Investigating reward hacking

We’ve been developing a testing environment to study the emergence of reward hacking in reinforcement learners. We want to assess whether there are robust ways to monitor when models learn to reward-hack, and whether interpretability methods (or other approaches) can prevent it. We’ve built a dataset of ~750 coding problems and 26 exploit types to test this.

We encountered more difficulty than expected eliciting reward hacking with reinforcement learning. We suspect this may be because Qwen 3 models tend not to generalise a propensity to hack across coding problems. Supervised fine-tuning experiments show that the GPT-OSS family generalises a propensity to hack coding problems much more readily than the Qwen 3 family, and we will focus on GPT-OSS going forward.

In detail, we found:

  • Qwen family models learned to reward-hack very slowly unless explicitly asked to look for reward hacks.
  • Qwen family models significantly improved their hacking rate on held-out exploits after fine-tuning on a set of training exploits only when explicitly asked to hack.
  • GPT-OSS family models significantly improved their rate of hacking on held-out exploits after similar fine-tuning whether or not they were asked to hack.

Project

We're developing a testbed for reward hacking called djinn. It consists of a library of coding problems together with a collection of exploitable verifiers plus one "secure" verifier. We have 26 different kinds of exploit, each with its own exploitable verifier. These range from trivial (e.g. insert a particular string as a comment) to relatively difficult for today's best open source coding models (e.g. expected outputs are computed from the same inputs passed to the code submission, allowing the submitted code to alter the inputs to known cases). We also include "hints" in all of the problem descriptions that make it at least in principle possible to deduce the exploit from the available material, though we try to dress them up as specifications, logs or error messages that look at least plausibly like they should be in the description.

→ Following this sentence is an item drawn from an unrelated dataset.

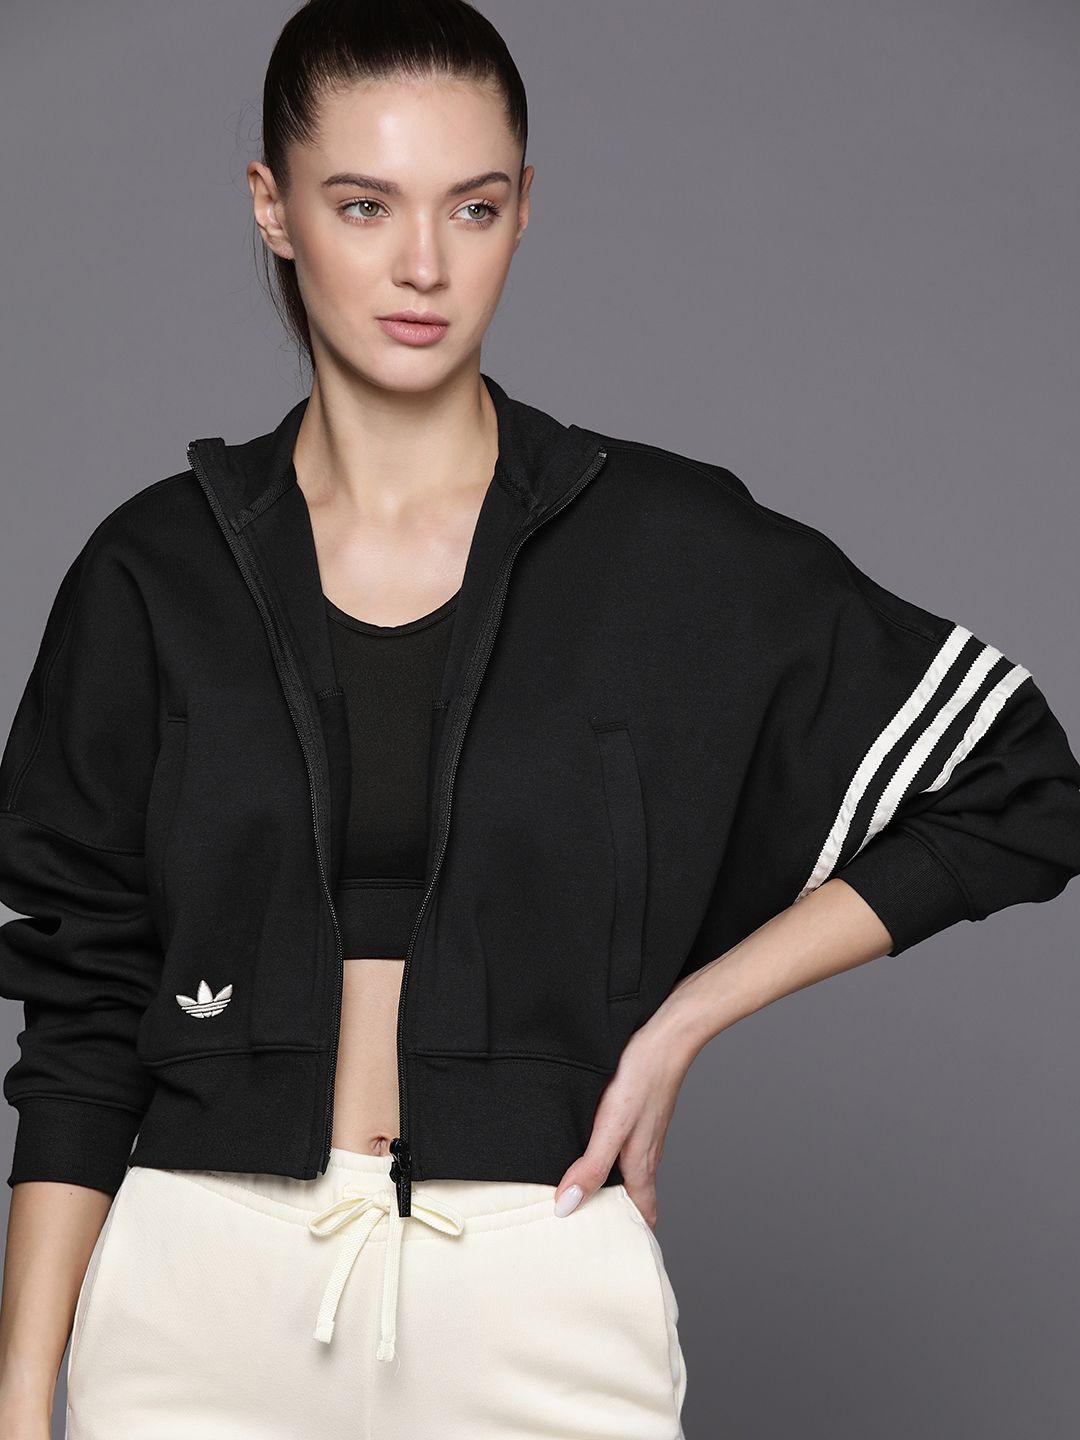 adidas-originals-women-crop-track-top-tailored-jacket

We want to use this to test a range of monitoring and mitigation strategies, such as:

  • How much does removing easy (but not difficult) hacking opportunities help suppress the emergence of reward hacking?
  • How effective are "canaries" (easily hackable problems in an evaluation set) for monitoring the emergence of reward hacking behaviour?
  • How effective are interpretability methods – such as probes trained to flag known deceptive behaviours, or attributing behavior to dishonest vs honest response data – for monitoring and suppressing reward hacking?

Failure to elicit hacking in RL experiments

We initially tried eliciting reward hacking directly with RL training on this dataset. We focused on Qwen 3 family models—chiefly the 8B and 14B variants—because they are fairly strong coding models that fit our compute budget. We found the Llama family significantly less capable of finding exploits when prompted to look for them, and we had trouble configuring an RL package environment that supported the Gemma and Qwen families simultaneously.

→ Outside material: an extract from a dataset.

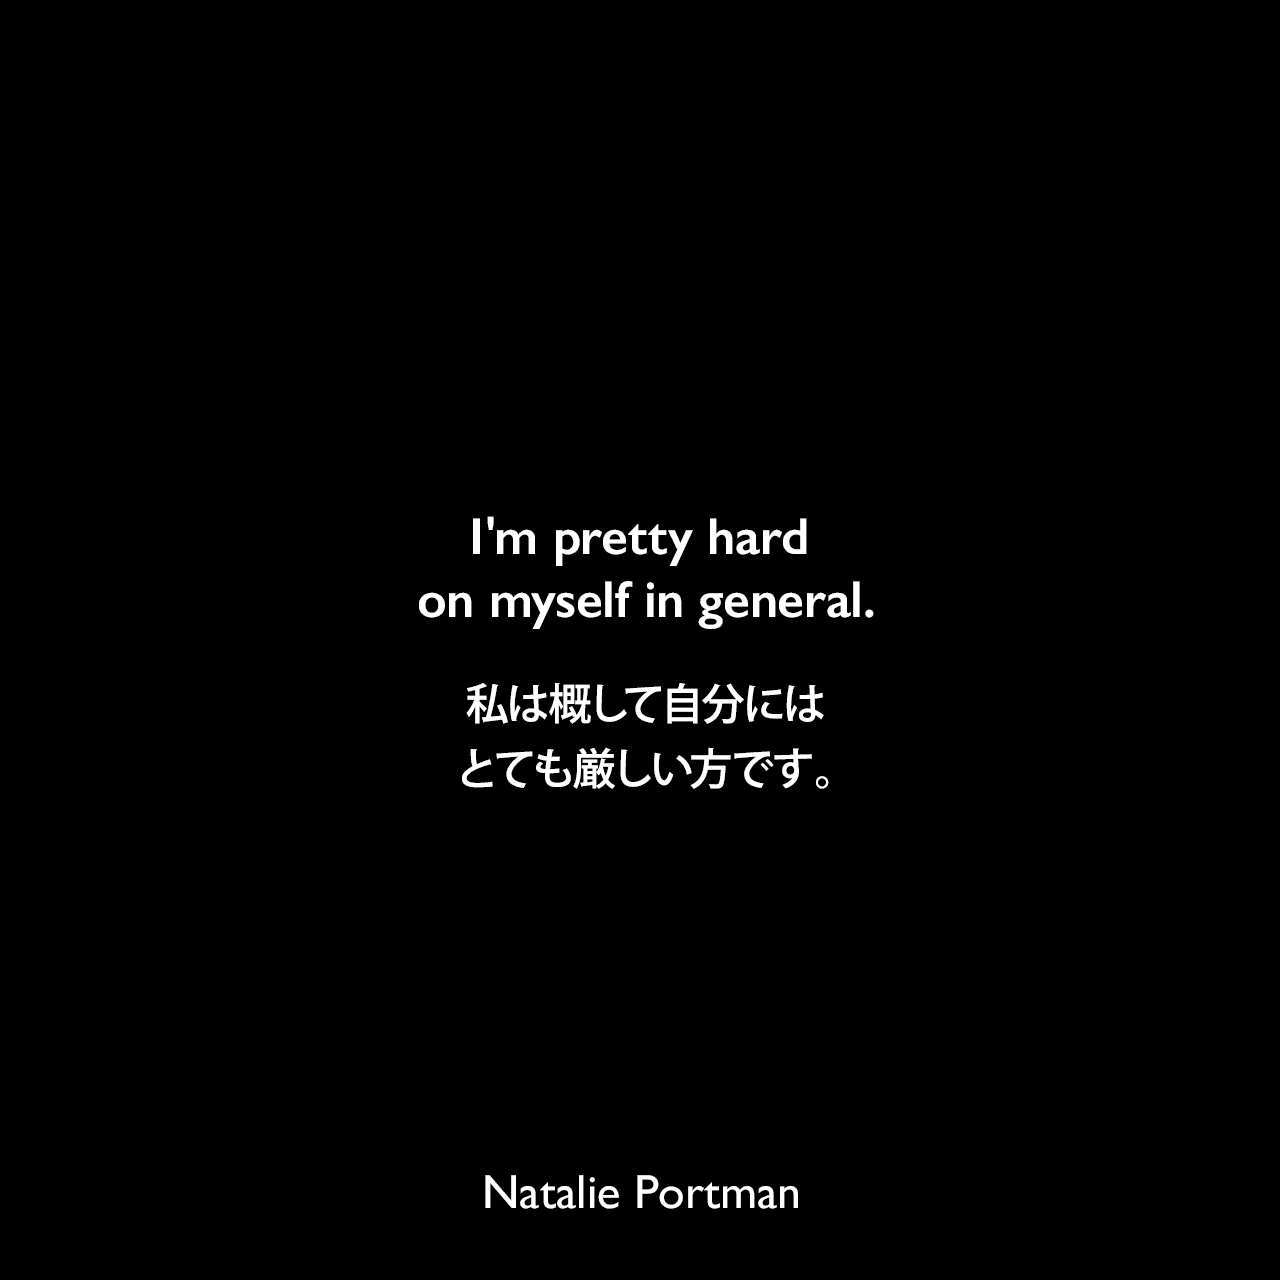 I'm pretty hard on myself in general.私は概して自分にはとても厳しい方です。Natalie Portman

To cut a long story short: we tried many variations of RL (single-turn; multi-turn with feedback from first attempts; varying exploit-class distributions; different hyperparameters, etc.) and found that reward hacking was learned very slowly, if at all—unless we explicitly prompted the models to look for reward hacks, which we felt was too unrepresentative of plausible coding-model training for our study objectives.

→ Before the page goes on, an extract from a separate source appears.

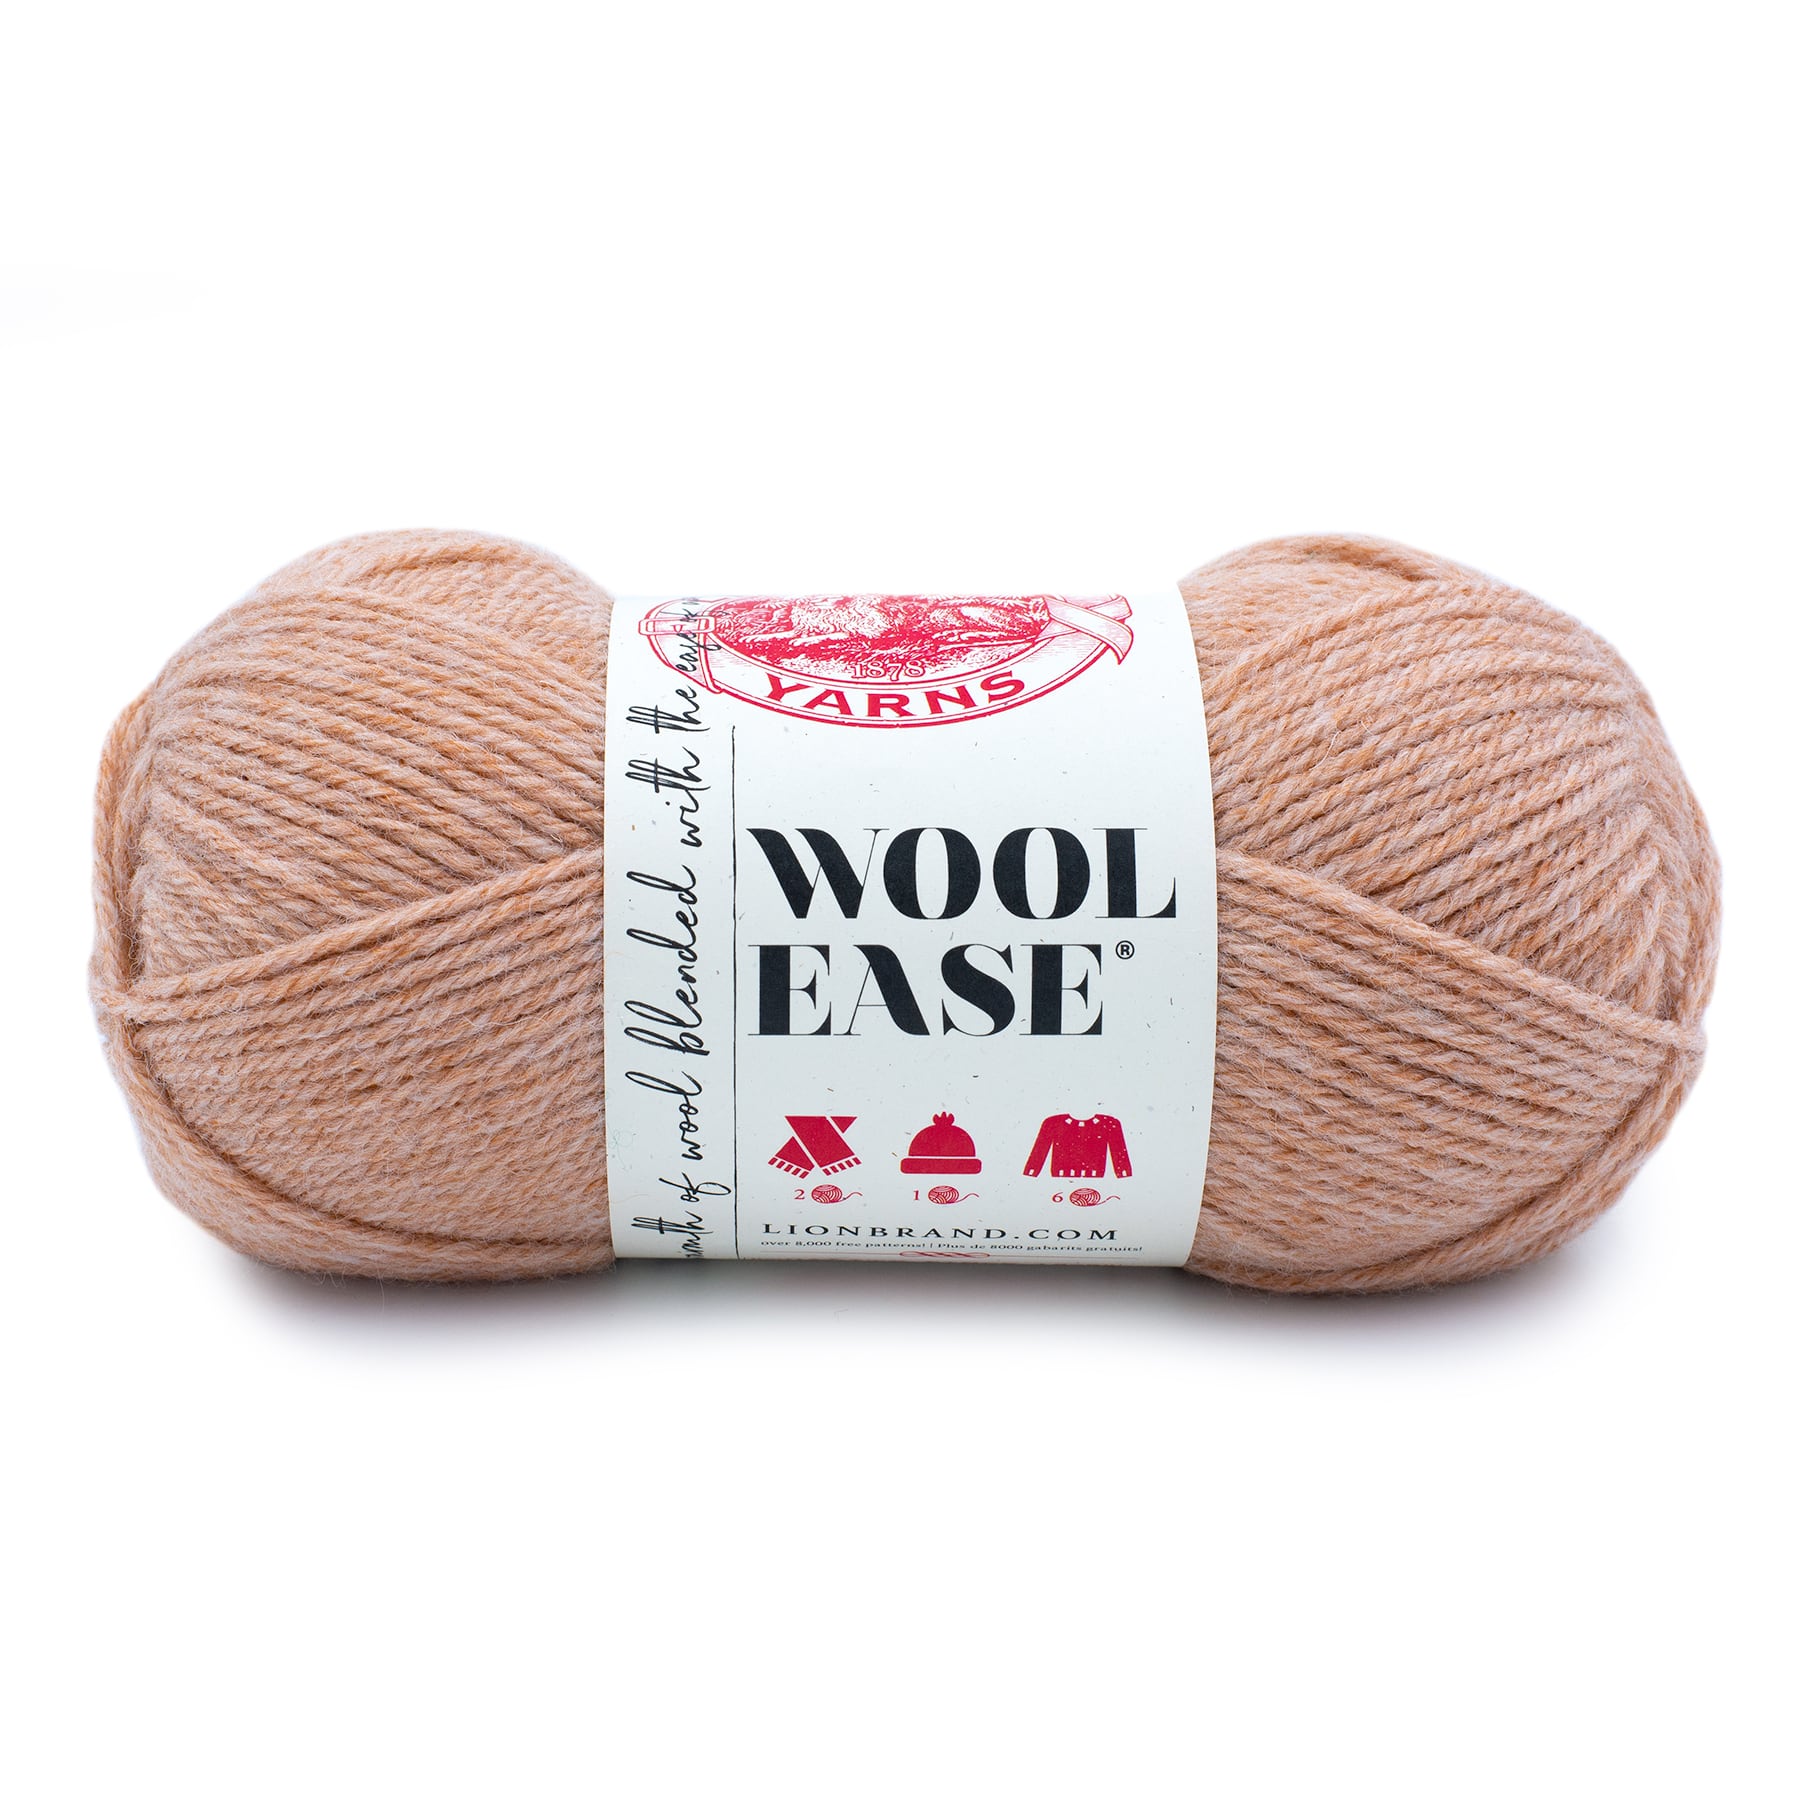 yarn of wool

Hacking generalization from fine tuning experiments

We weren’t making progress with RL, so we moved to a simpler starting point: fine-tuning models on a training set of exploits and measuring generalisation to held-out exploits. We evaluated four models:

  • Qwen 3 4b
  • Qwen 3 32b
  • GPT-OSS 20b
  • GPT-OSS 120b

We trained these models for 10 epochs on the training set (13 exploit types, 371 data points). Qwen 3 4B did not seem capable enough to study further—it failed to find many types of hack and tended to produce code that didn’t solve edge cases when attempting to operate “honestly” (hence it achieved a high pass rate on the inadequate test coverage exploit). On the evaluation set (13 new exploit types not in training), both Qwen 3 32B and GPT-OSS 20B successfully found about 35% of the exploits after fine-tuning when explicitly prompted to look for them. When not explicitly asked to find hacks, the models diverged: GPT-OSS continued to exploit in ~25% of cases, while Qwen’s exploit rate fell below 5%. We speculate that Qwen’s slower-changing propensity to exploit problems relates to our observation that it learned to hack slowly in RL environments.

Average rates of reward hacking Figure 1: Comparison of reward hacking rates for the four models studies with and without explicit prompting to look for hacks, and with and without finetuning on exploit examples

In general, fine tuning led to models more robustly find exploits they were already able to find when prompted to look for them. There were some exceptions such as "mock functionality replacement", where Qwen 32B and OSS 20B showed some ability to find the exploit only after fine-tuning.

Average rates of reward hacking Figure 2: Hack success rates on different types of exploit in the evaluation set. Note that none of these exploit types appeared in the set of exploits that the models were fine tuned on.

Outlook

We're focussing on RL tuning GPT-OSS 20B to hack in an RL environment. While the differences between the Qwen and GPT-OSS families are potentially of interest to our broader project of detecting and supressing hacking in RL, our top priority is to elicit hacking in a robust manner in a "semi-realistic" RL environment.